A modified version of his proposal passed the Legislature and is now being implemented.
For example, Pryor is taking control of the Milner School in Hartford and handing it over to the Jumoke Charter School company. Commissioner Pryor is taking this action despite the fact that Jumoke has NO EXPERIENCE working with non-English speaking students and yet more than 40% of the Milner School’s students are not fluent in English or go home to households in which English is not spoken.
New York’s public radio station (WNYC) and public education expert and advocate Diane Ravitch are reporting the “education reform” plan coming out of Chris Christie, New Jersey’s right-wing governor. And it sounds pretty damn familiar.
See the NYC story at Documents Detail Christie Administration’s Plan for School Reform and Diane Ravitch’s post at Chris Christie’s Plan to Privatize NJ’s Low-Performing Schools.

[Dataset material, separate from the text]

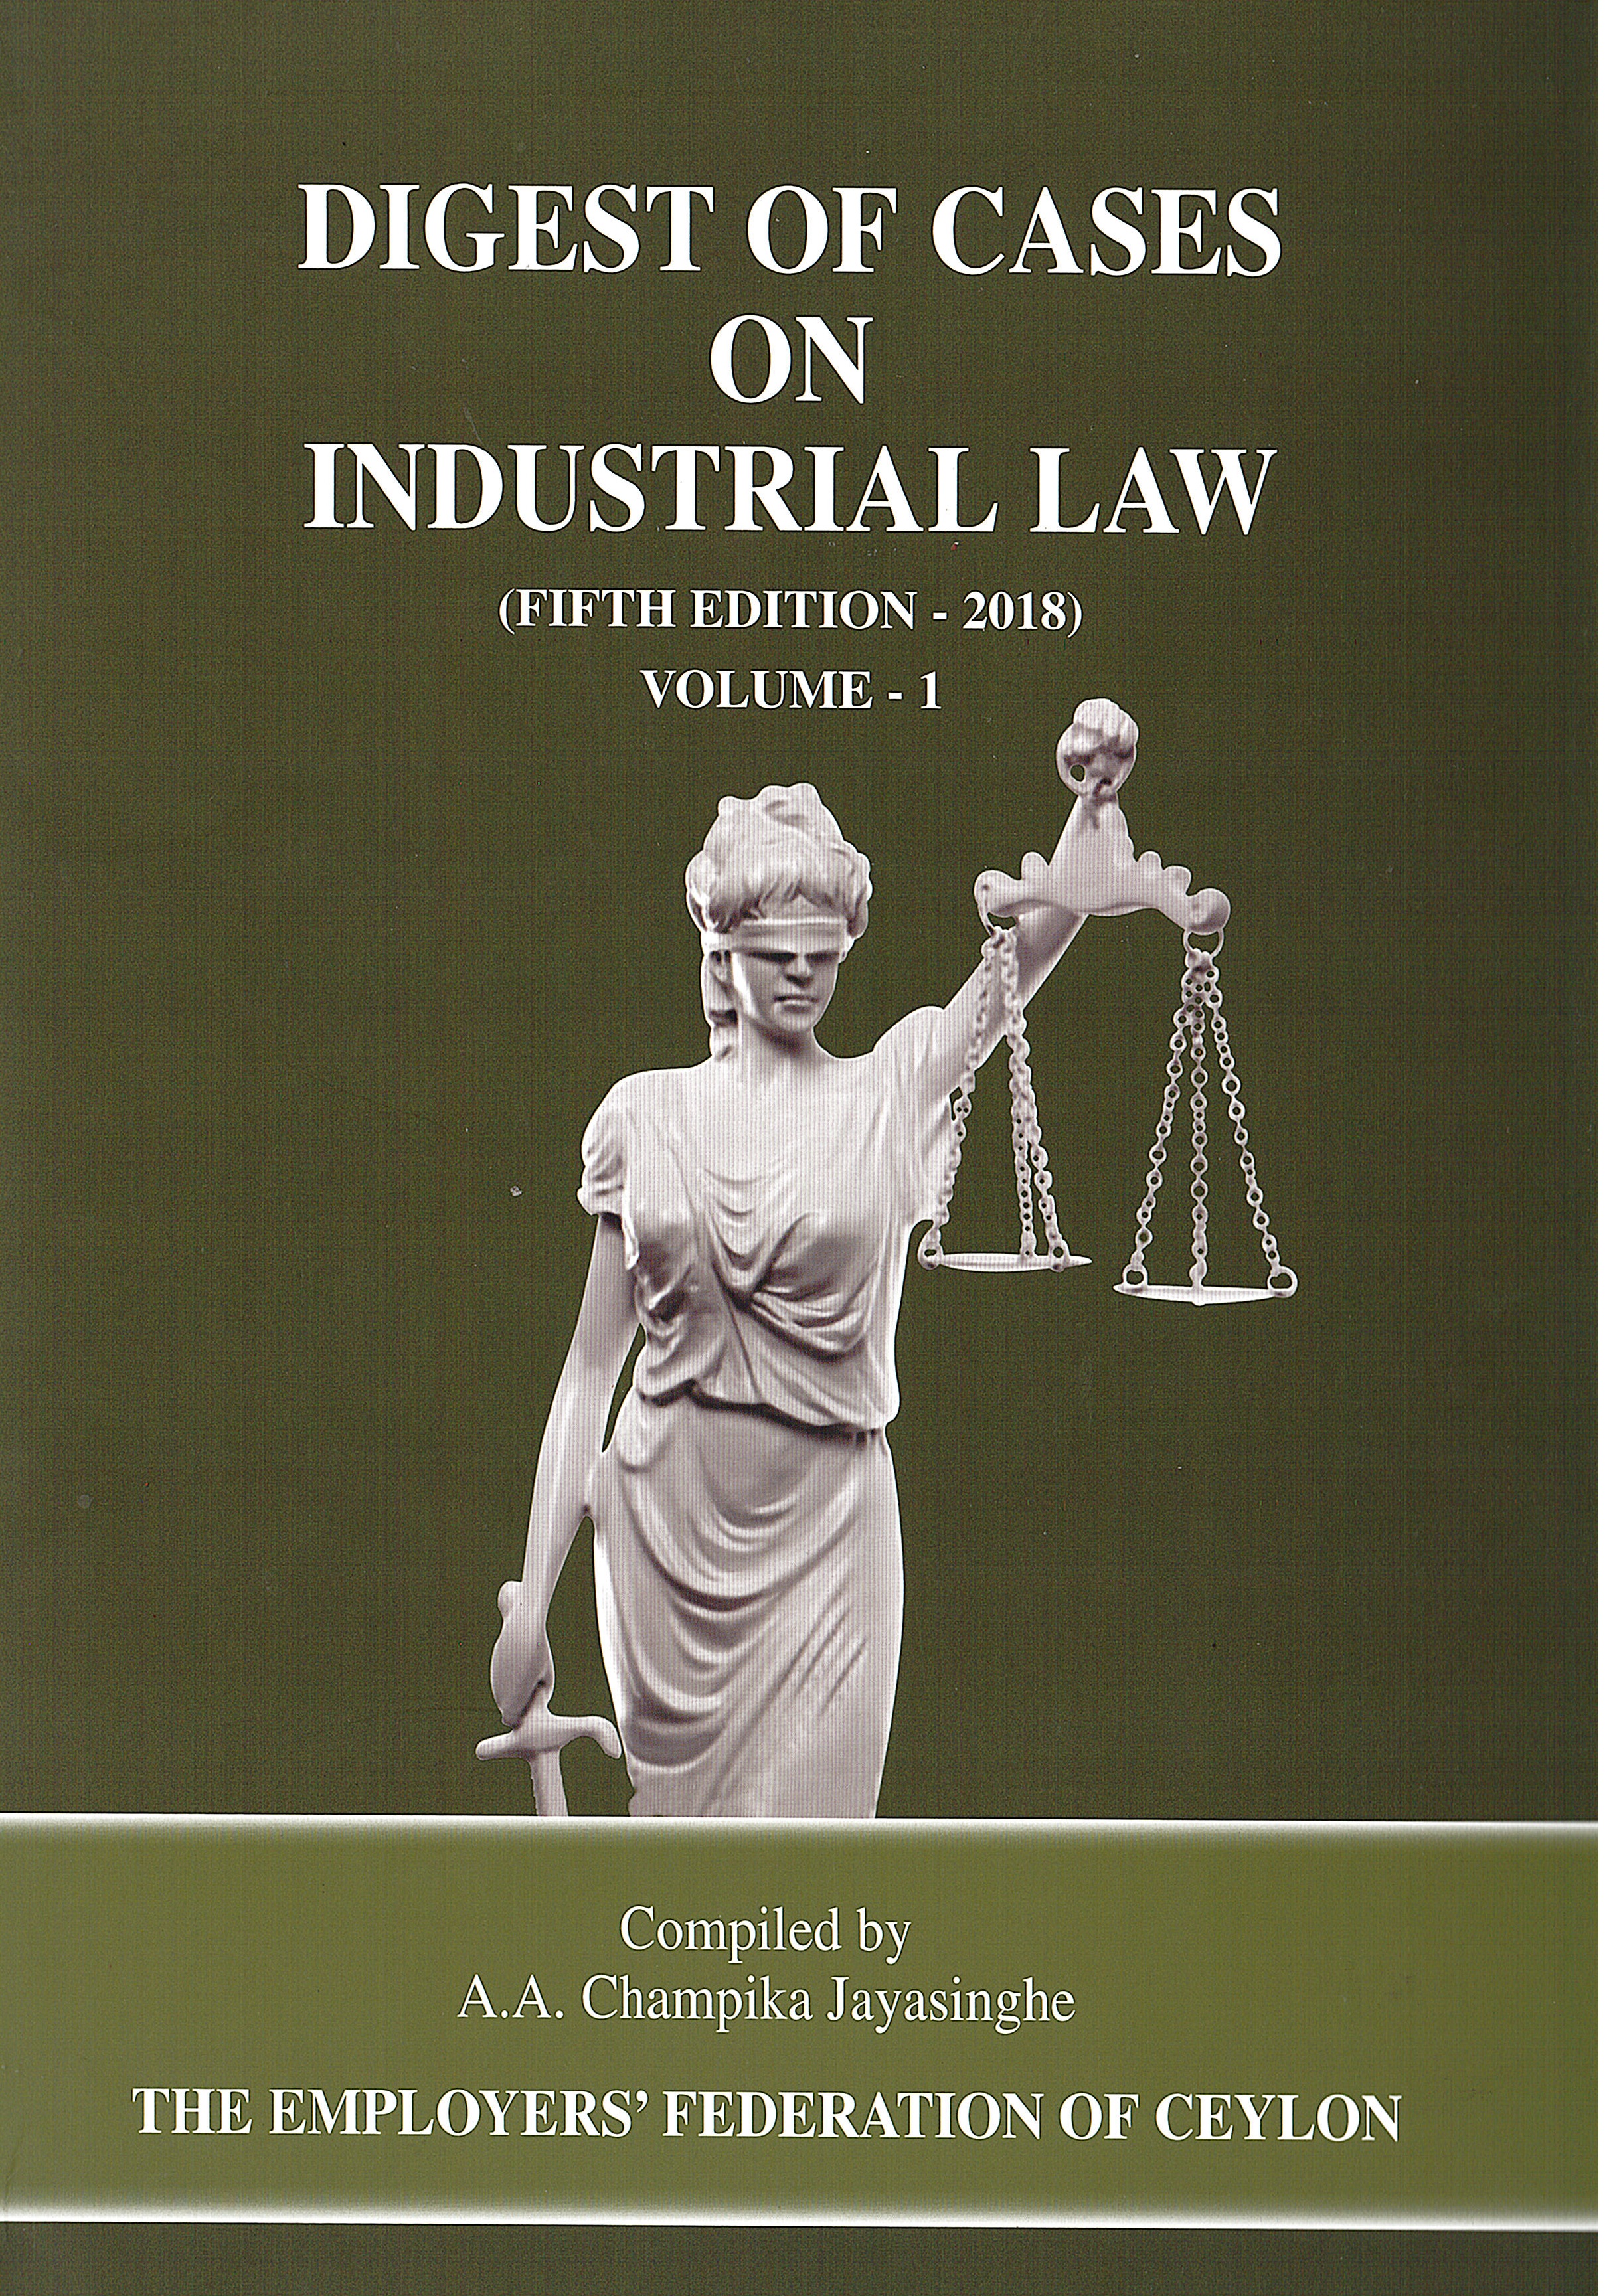 Digest of cases on industrial law : 5th edition - 2018  Volume-1

Both articles come from information provided by The Education Law Center, New Jersey’s public education advocacy group.
The Education Law Center acquired a copy of Governor Christie’s plan.
It is almost as if Christie took Malloy’s plan and simply exchanged the word New Jersey for Connecticut and called it a day. (Or perhaps it was the other way around and Malloy took Christie’s plan.)
As WNYC reports, “The New Jersey Department of Education is moving forward with a reform plan…[that] calls for school closures, state operation of failing schools and elimination of union representation in schools…”
Like Malloy’s original plan, New Jersey’s plan proposes that “schools will be freed from the district’s collective bargaining agreement and the school’s operator will have control over personnel decisions.”
The Christie Plan also lays out a system in which “private contractors will take over failing schools.”
In addition, similar to what is going on in Bridgeport, New Jersey’s plan relies on “private funds” that will be used to implement portions of the law. In New Jersey’s case the money is coming from the Broad Foundation of California.
Low and behold, the similarities between Christie’s plan and what Malloy, Pryor and Paul Vallas are doing here in Connecticut don’t stop there.
Diane Ravitch writes “one of the news stories says that [New Jersey’s education commissioner] wants to use [Paul Vallas’] New Orleans “recovery school district” as a model for New Jersey.”
Ravitch rightfully asks whether these guys know that when Vallas was done with New Orleans, “79% of the charters in New Orleans were graded either D or F by the state, and that New Orleans’ school system was ranked 69th of 70 districts in the entire state.”
Meanwhile, in the small world department, Christie’s education commissioner, Chris Cref and the Broad Foundation – the very ones leading Governor Christie’s efforts worked directly with Malloy’s Stefan Pryor when Pryor was working in Newark.
After reading about what is going on in New Jersey, I know I’m repeating myself, but it is worth saying again.
Governor Malloy introduced the most anti-public education, anti-teacher, anti-union “education reform” bill of any Democratic governor in the nation. Malloy’s bill was far more in line with the worst proposals coming out of the corporate privatization movement.
Thankfully, the Democrats in the Legislature watered down some of the worst provisions of Malloy’s bill, but the law is still moving Connecticut in the wrong direction.